Discuss the Adam Smith Cannon of Taxation.

Discuss the Adam Smith Cannon of Taxation.

Discuss the Adam Smith Cannon of Taxation.

Ans.

Adam Smith’s Canons of Taxation

(i) Canon of Equity: According to Adam Smith, “People of every state should pay their share in proportion to their individual abilities, which means that they should pay tax proportionate to that income which they respectively get under the government security.” This means that people should pay taxes according to their capacity. Equity does not mean that all people should pay equal taxes. It, in fact, means that every one should make equal sacrifice. Equity means equality of sacrifice. For the rich, marginal utility of money is less than that for the poor. So, the rich people should pay more amount in taxes than the poor people. Thus, the principle of justice is also vested in this doctrine. According to Adam Smith, “It will be more justified for the rich to contribute to the public expenditure not only what is proportionate to their income, hut more than that.” Mill, Chapman, Seligmen etc., subscribe to the canon of Equity.

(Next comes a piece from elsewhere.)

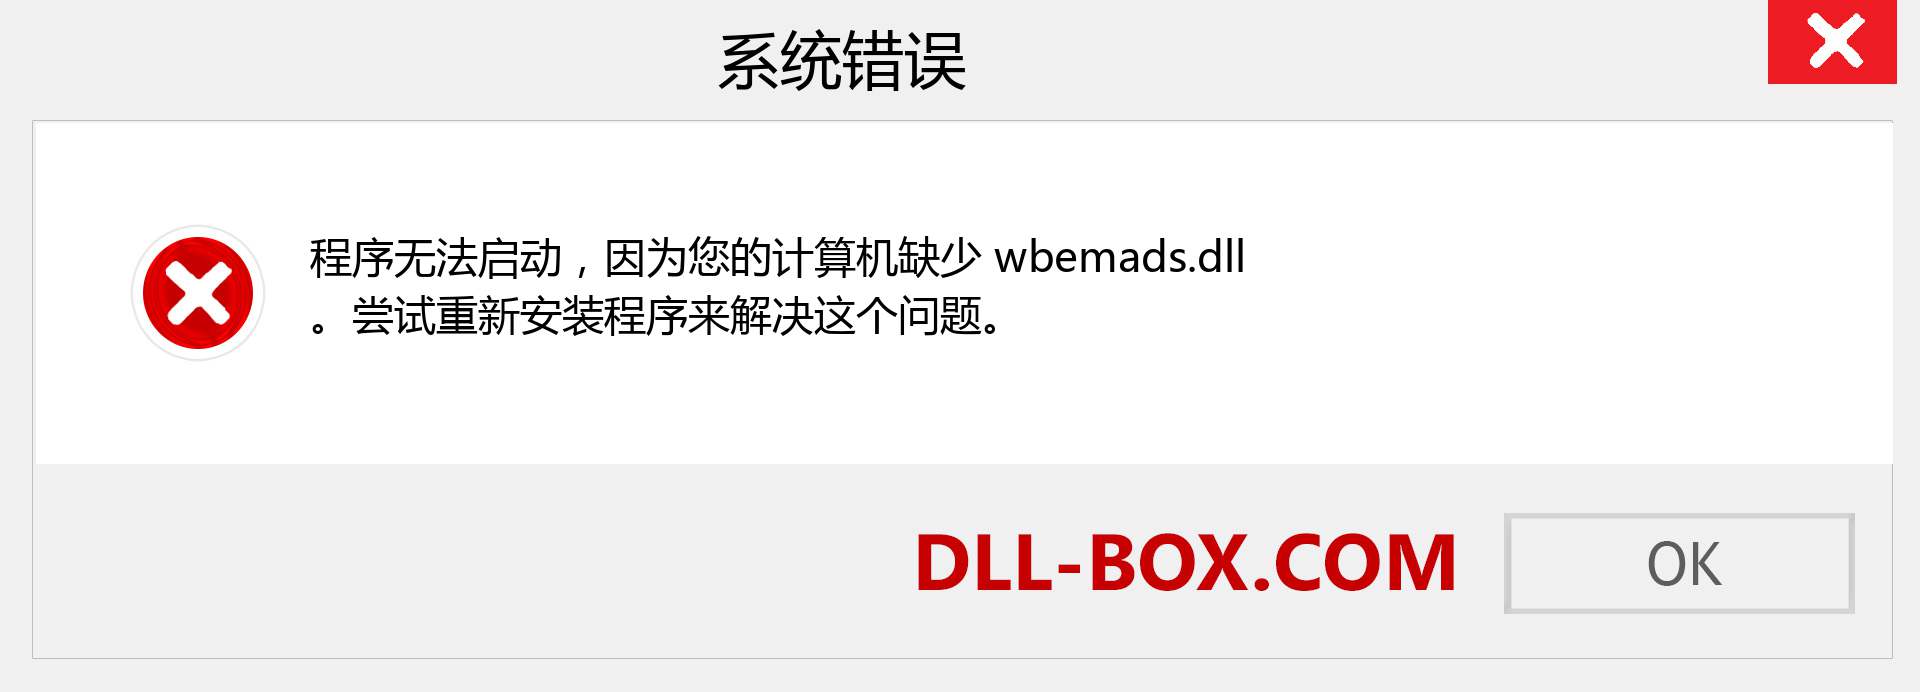 wbemads.dll 文件丢失？。 适用于 Windows 7、8、10 的下载 - 修复 Windows、照片、图像上的 wbemads dll 丢失错误

(ii) Canon of Certainty : According to this principle, there should be a certainty regarding taxes Adam Smith says. “The tax which each individual is bound to pay ought to be certain, and not arbitrary. The time of payment, the manner of payment, the quantity to be paid ought to be clear and plain to the contributor and to every other person.”

Several types of certainty is required in a taxation system. First of all, the individual must know how much tax he has to pay. Secondly, he must know at what time he has to pay tax so that it can be arranged by that time. Thirdly, he must know in how many instalments he has to pay his tax, Fourthly, the tax payer should know where and to whom he has to pay the tax. Certainty of tax is essential not only for the tax-payer, but also for the state. Government ascertains its expenditure only after making an estimate about taxes. The saying, “An old tax is no tax”, illustrates the theme of the canon of certainty.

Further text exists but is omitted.